Useful links if you want to go deeper: eSpark Learning; Braintrust.dev – evals and observability for LLM applications; AI Evals Maven Course by Hamel Husain and Shreya Shanker.

My product takeaways for anyone building AI in complex, regulated, or mission-driven domains: First, resist the chatbot reflex; many users need structured, high-signal workflows. Second, treat retrieval as a product surface—data modeling, metadata, and domain language matter as much as model choice. Third, invest early in evals with rubric-based scoring and human-in-the-loop reviews to protect trust. Finally, plan for seasonality and “real traffic” patterns; the strongest eval is usage in production with tight feedback loops from your most demanding users.

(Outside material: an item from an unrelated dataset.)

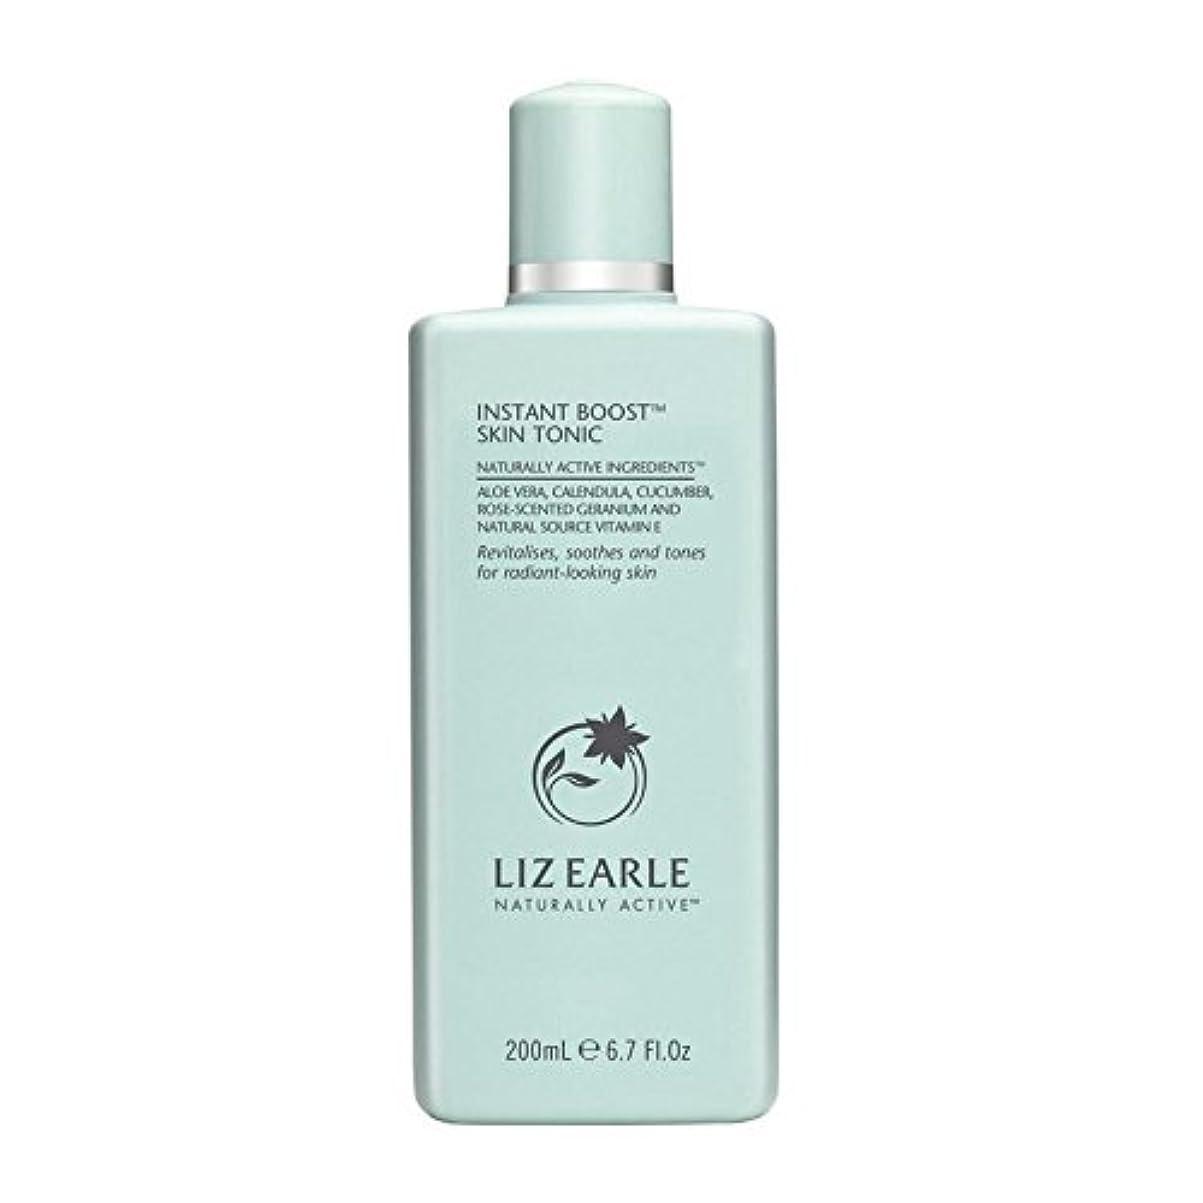 軸議会テンションLiz Earle Instant Boost Skin Tonic Bottle 200ml - リズアールインスタントブーストスキントニックボトル200ミリリットル [並行輸入品]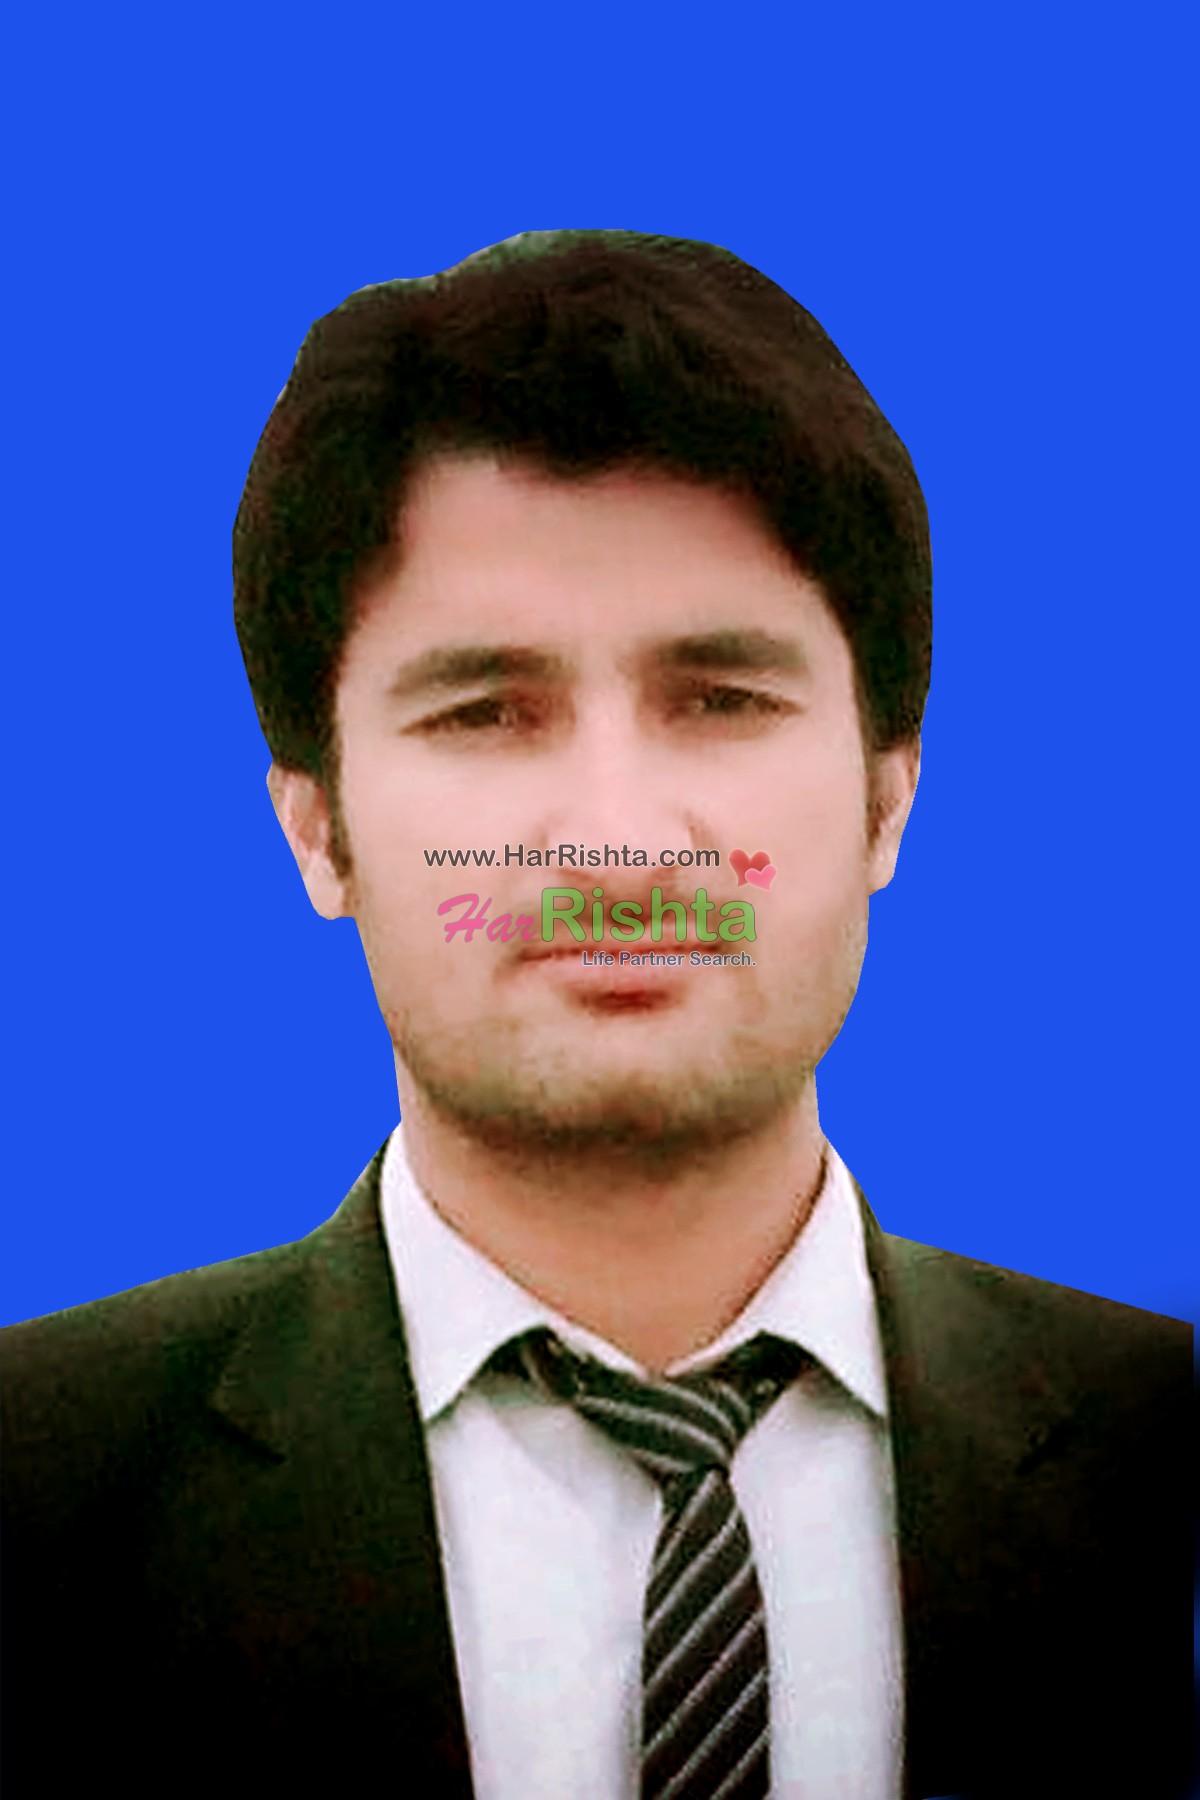 Baloch Boy Rishta in Islamabad

Gen AI is only as valuable as the outcomes it enables. In classrooms, that means saving teachers time, raising instructional alignment, and ultimately improving student learning. This case study shows that when we combine empathetic product discovery with disciplined RAG architecture and rigorous evals, AI stops being a demo—and starts being a difference-maker.

Inspired by this post on Product Talk.